Purpose: This study compared two subsequent pipelines for high resolution WGS-based molecular typing.
Methods: First, whole genome multilocus sequence typing (wgMLST) was applied to WGS data from all 10,000+ isolates available on NCBI, with the purpose to detect clusters of highly related strains. Clusters, defined by wgMLST, were then characterized by whole genome single-nucleotide polymorphism (wgSNP) analysis. SNP variants detected by mapping the WGS reads to a reference chosen from within the cluster were used to maximize the resolution. As working examples, we identified clusters containing isolates originating from different food sources. Both analysis pipelines were run on the BioNumerics® Calculation Engine, which is fully integrated with the BioNumerics®7.6 software.

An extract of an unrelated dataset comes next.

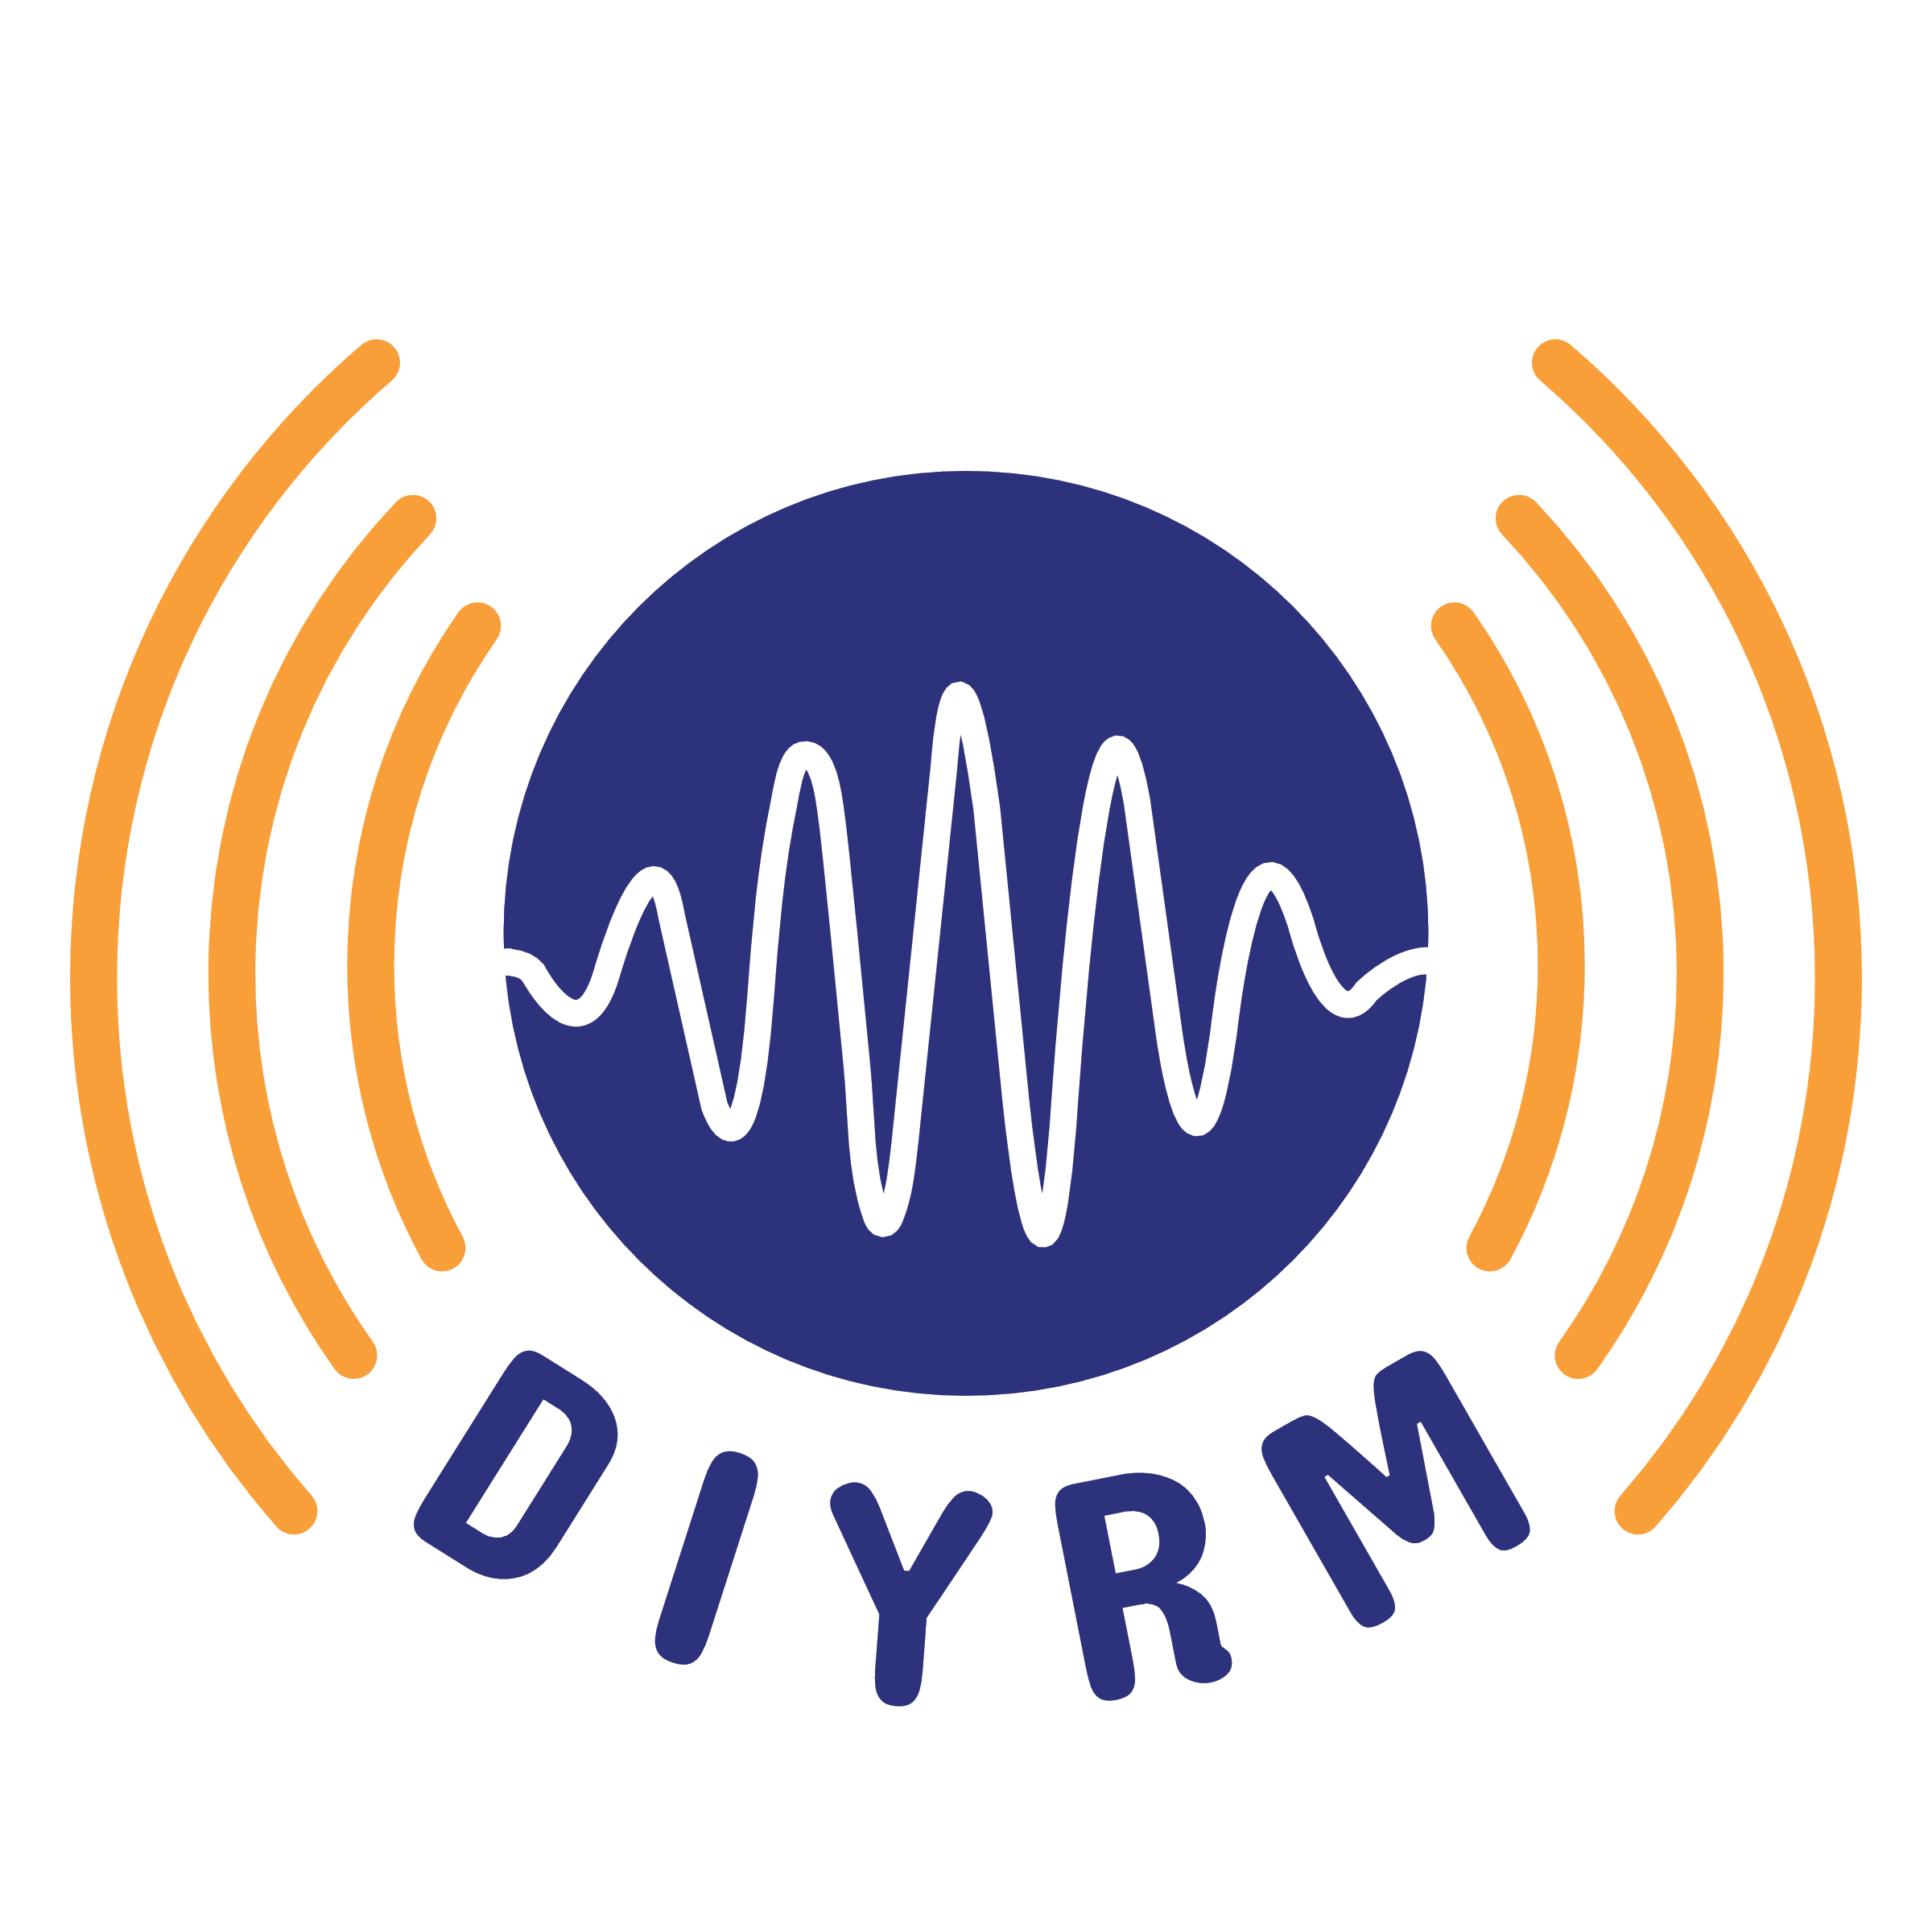 DIYM Logo. A blue circle with audio curve in the center. Surrounded by yellow arcs.

Results: We demonstrated that wgMLST was suitable for the analysis of very large (growing) datasets; making it a suitable technique for outbreak surveillance. The added resolution of wgSNP against an internal reference sequence increased the confidence in the detected clusters. This supports epidemiologists in their source tracking efforts, opening many perspectives for cost efficient food safety and public health monitoring programs.
Significance: BioNumerics® 7.6 software offers a powerful platform where both wgMLST and wgSNP analysis can be performed at high-throughput rates, and in combination with traditional typing data (MLST, PFGE, etc.) to rapidly provide a robust, portable, and high resolution picture of molecular typing data.